Source data

---

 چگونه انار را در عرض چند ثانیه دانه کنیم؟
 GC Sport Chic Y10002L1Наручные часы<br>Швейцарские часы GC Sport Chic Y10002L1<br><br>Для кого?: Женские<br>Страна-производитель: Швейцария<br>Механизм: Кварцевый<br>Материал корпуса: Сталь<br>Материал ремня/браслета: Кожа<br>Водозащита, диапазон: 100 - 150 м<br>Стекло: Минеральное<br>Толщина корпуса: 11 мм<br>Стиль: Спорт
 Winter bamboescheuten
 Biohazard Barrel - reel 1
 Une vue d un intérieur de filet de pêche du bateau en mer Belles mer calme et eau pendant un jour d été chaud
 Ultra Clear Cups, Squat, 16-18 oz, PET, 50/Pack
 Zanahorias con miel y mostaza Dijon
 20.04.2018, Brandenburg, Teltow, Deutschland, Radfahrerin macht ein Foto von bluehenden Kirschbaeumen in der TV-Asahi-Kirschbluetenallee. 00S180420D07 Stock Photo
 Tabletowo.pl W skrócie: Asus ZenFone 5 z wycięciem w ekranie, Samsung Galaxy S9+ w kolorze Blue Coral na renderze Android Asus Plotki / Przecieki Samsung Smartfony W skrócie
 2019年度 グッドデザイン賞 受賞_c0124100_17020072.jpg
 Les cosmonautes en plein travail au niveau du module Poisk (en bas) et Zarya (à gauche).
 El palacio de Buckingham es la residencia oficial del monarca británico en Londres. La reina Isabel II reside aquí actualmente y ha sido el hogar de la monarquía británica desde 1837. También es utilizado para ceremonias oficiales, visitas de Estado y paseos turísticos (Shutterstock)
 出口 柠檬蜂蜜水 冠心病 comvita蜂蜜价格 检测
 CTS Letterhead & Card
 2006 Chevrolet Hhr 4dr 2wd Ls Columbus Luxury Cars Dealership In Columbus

---

→ **Work instructions**
From the first line to the last, write out the data exactly.

→ **Answer area**
 چگونه انار را در عرض چند ثانیه دانه کنیم؟
 GC Sport Chic Y10002L1Наручные часы<br>Швейцарские часы GC Sport Chic Y10002L1<br><br>Для кого?: Женские<br>Страна-производитель: Швейцария<br>Механизм: Кварцевый<br>Материал корпуса: Сталь<br>Материал ремня/браслета: Кожа<br>Водозащита, диапазон: 100 - 150 м<br>Стекло: Минеральное<br>Толщина корпуса: 11 мм<br>Стиль: Спорт
 Winter bamboescheuten
 Biohazard Barrel - reel 1
 Une vue d un intérieur de filet de pêche du bateau en mer Belles mer calme et eau pendant un jour d été chaud
 Ultra Clear Cups, Squat, 16-18 oz, PET, 50/Pack
 Zanahorias con miel y mostaza Dijon
 20.04.2018, Brandenburg, Teltow, Deutschland, Radfahrerin macht ein Foto von bluehenden Kirschbaeumen in der TV-Asahi-Kirschbluetenallee. 00S180420D07 Stock Photo
 Tabletowo.pl W skrócie: Asus ZenFone 5 z wycięciem w ekranie, Samsung Galaxy S9+ w kolorze Blue Coral na renderze Android Asus Plotki / Przecieki Samsung Smartfony W skrócie
 2019年度 グッドデザイン賞 受賞_c0124100_17020072.jpg
 Les cosmonautes en plein travail au niveau du module Poisk (en bas) et Zarya (à gauche).
 El palacio de Buckingham es la residencia oficial del monarca británico en Londres. La reina Isabel II reside aquí actualmente y ha sido el hogar de la monarquía británica desde 1837. También es utilizado para ceremonias oficiales, visitas de Estado y paseos turísticos (Shutterstock)
 出口 柠檬蜂蜜水 冠心病 comvita蜂蜜价格 检测
 CTS Letterhead & Card
 2006 Chevrolet Hhr 4dr 2wd Ls Columbus Luxury Cars Dealership In Columbus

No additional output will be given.